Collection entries

________

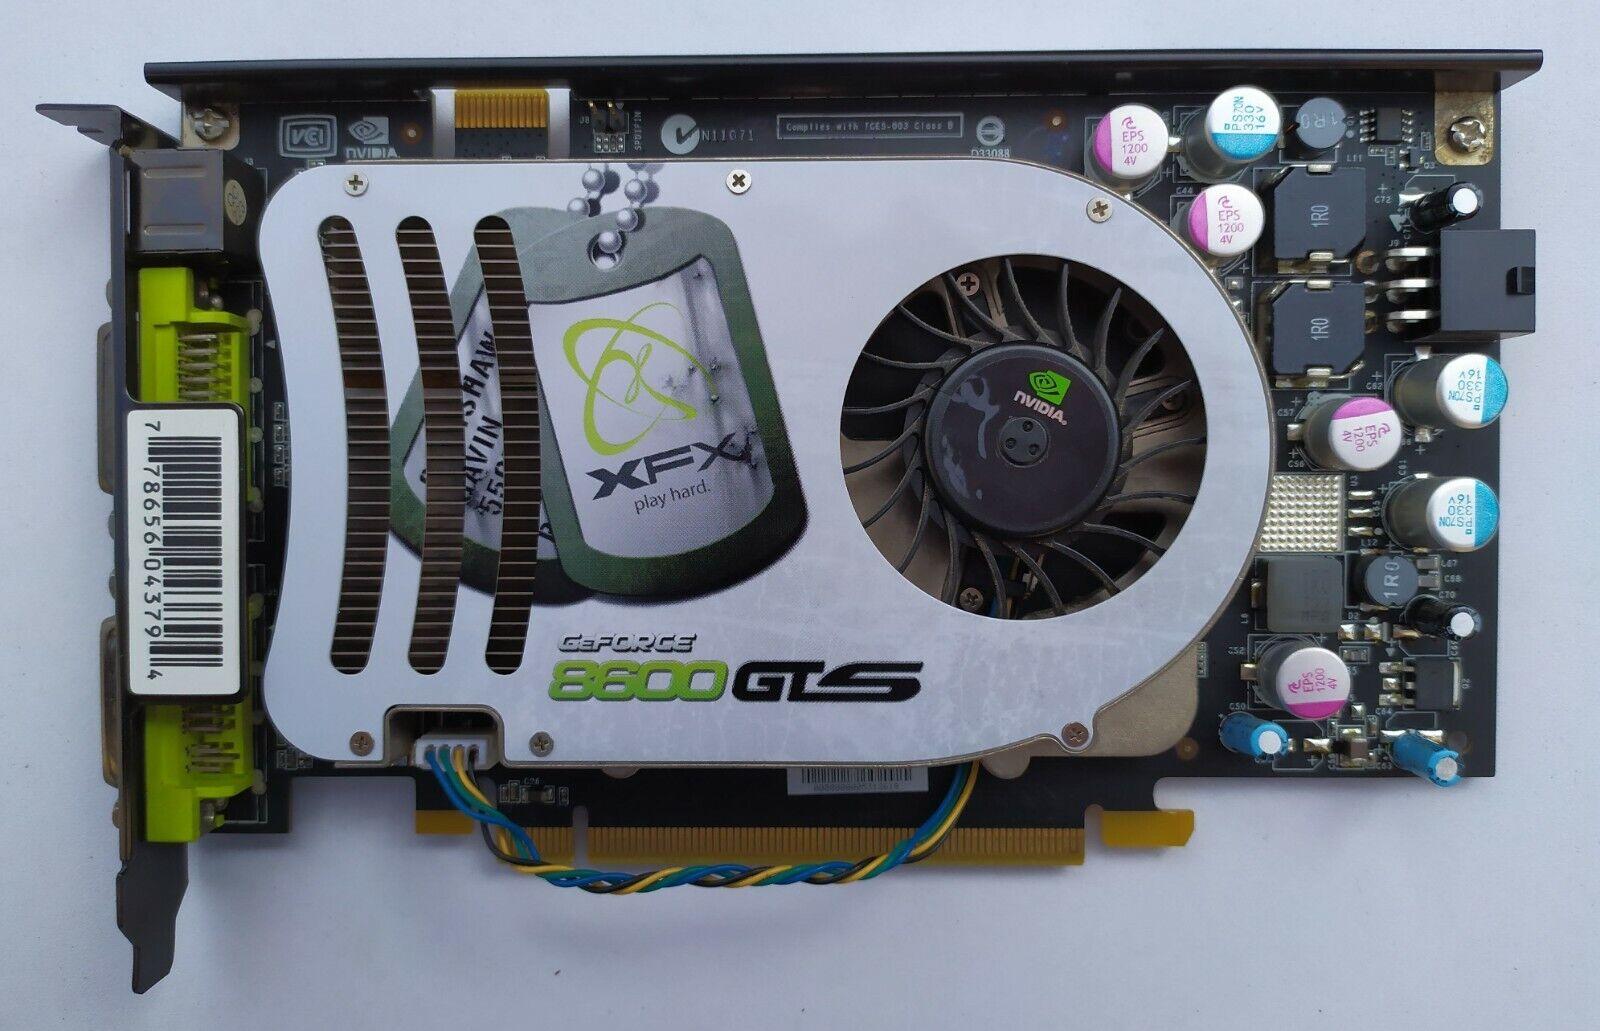 PC VGA Video Card NVIDIA GeForce 8600 GTS 256mb ddr3 XFX
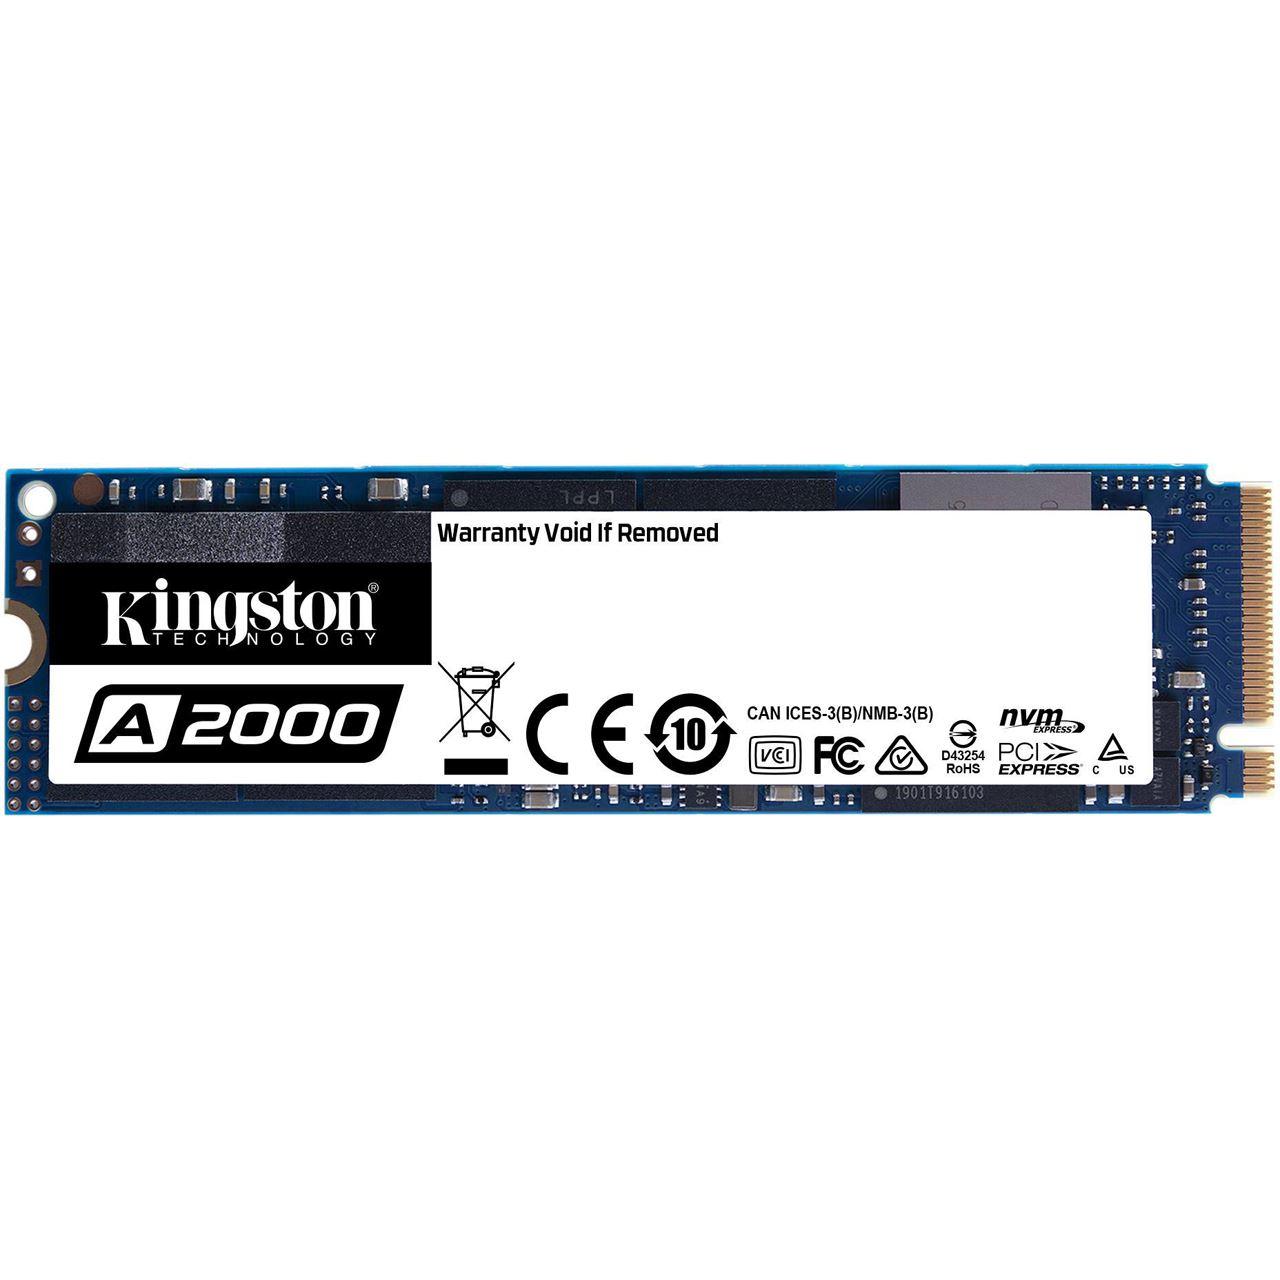 DAMN!-Deals Kingston SSD A2000 1TB Read:2200 MB/s Write:2000 MB/s
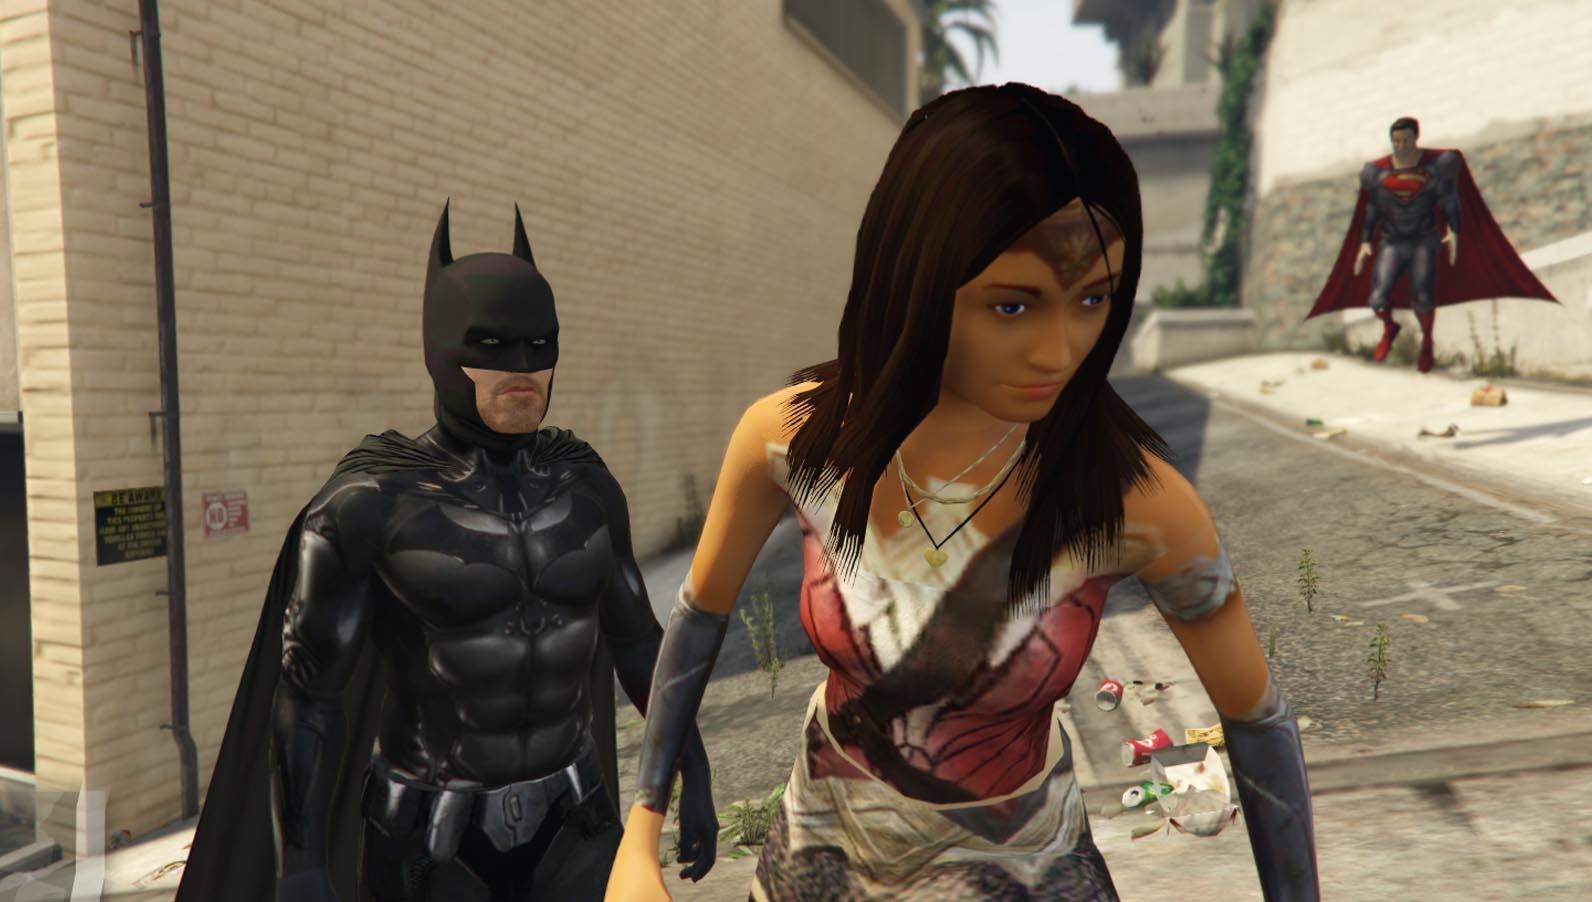 Wonder Woman Batman V Superman - Gta5-Modscom-4289
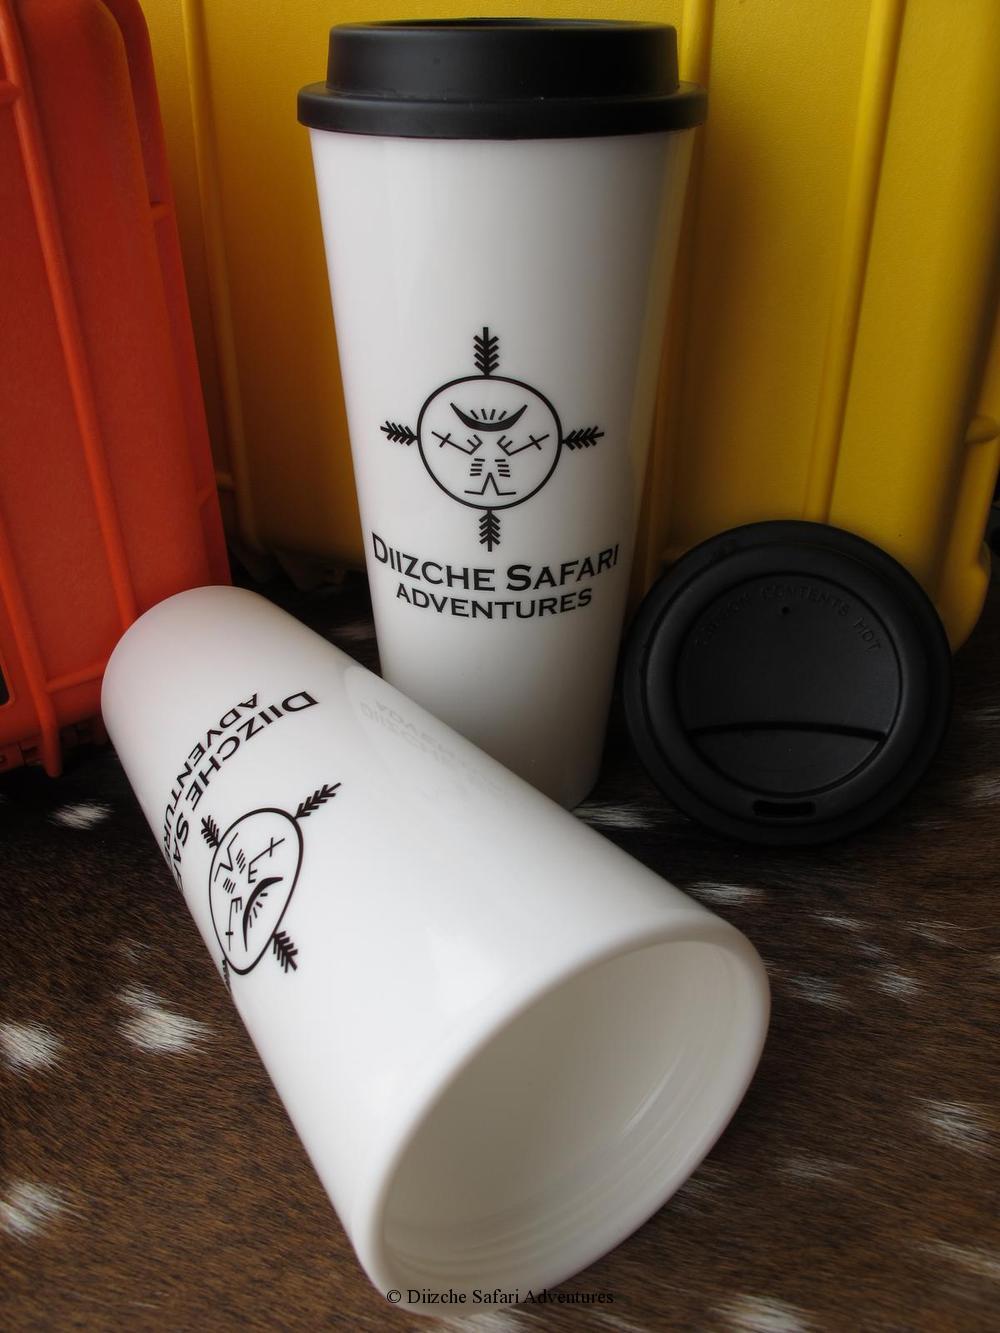 Heavy Duty 20 Oz. White Plastic Cup2goTwo Black Diizche Safari Adventures Logos 20 Oz. Heavy Duty Cup2go Dual Logo Design Diizche Safari Adventures, watch cover, cap, medicine bag Diizche Safari Adventures, ultimate bore protection
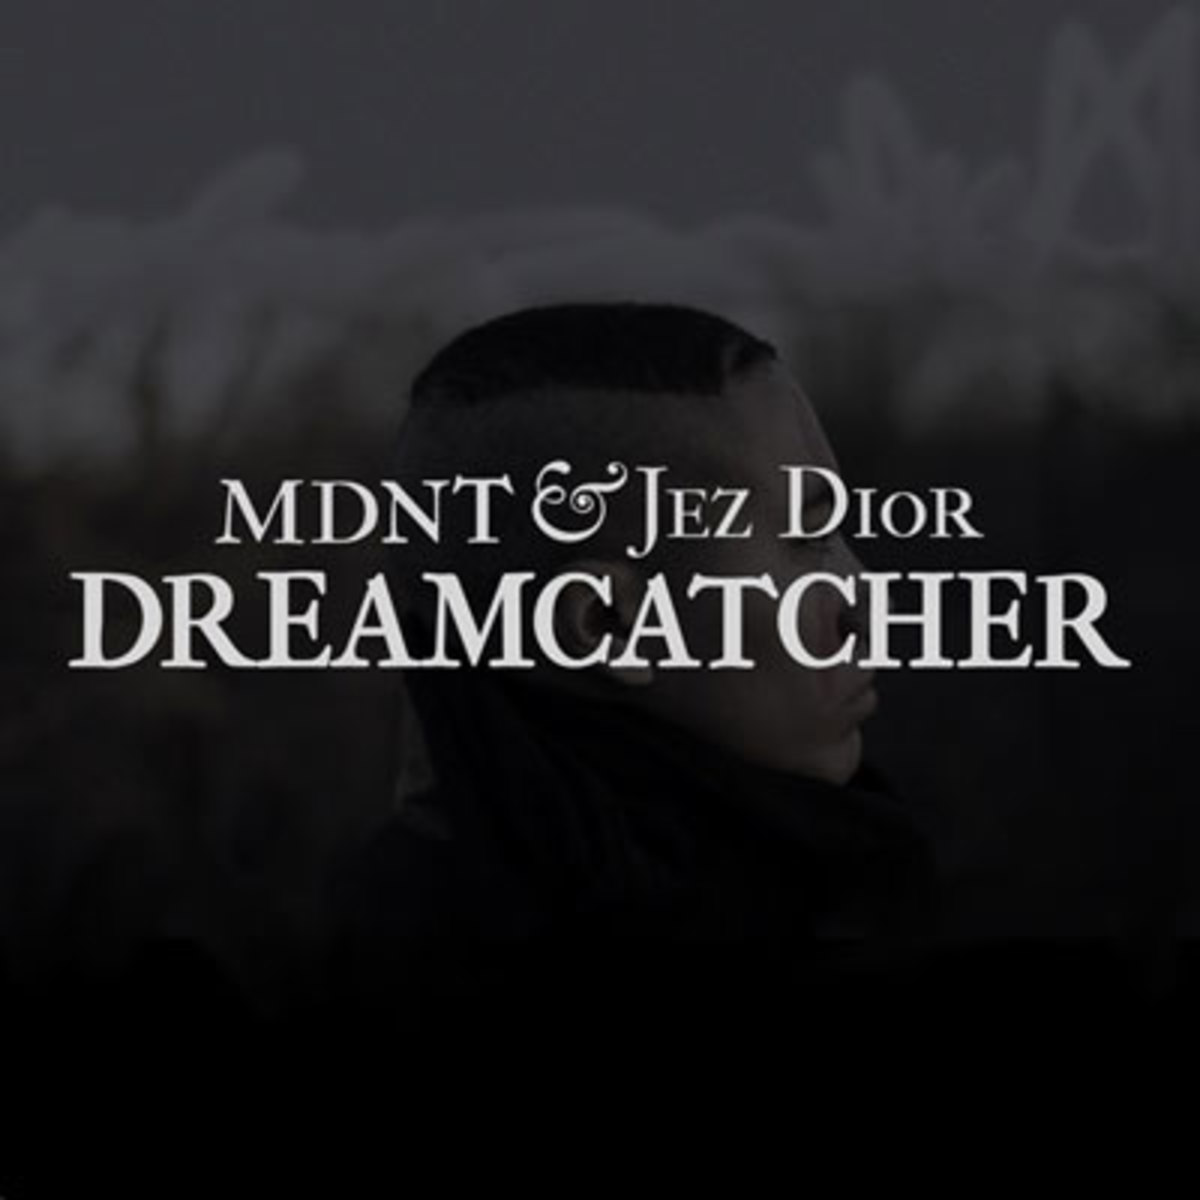 mdnt-dreamcatcher.jpg

________

REQUIRED WORK — Start with the line above containing "Wonder Woman Batman" and end with the line containing "Heavy Duty 20". Set down that stretch exactly, without any pictures.

REPLY —
 Wonder Woman Batman V Superman - Gta5-Modscom-4289
 Heavy Duty 20 Oz. White Plastic Cup2goTwo Black Diizche Safari Adventures Logos 20 Oz. Heavy Duty Cup2go Dual Logo Design Diizche Safari Adventures, watch cover, cap, medicine bag Diizche Safari Adventures, ultimate bore protection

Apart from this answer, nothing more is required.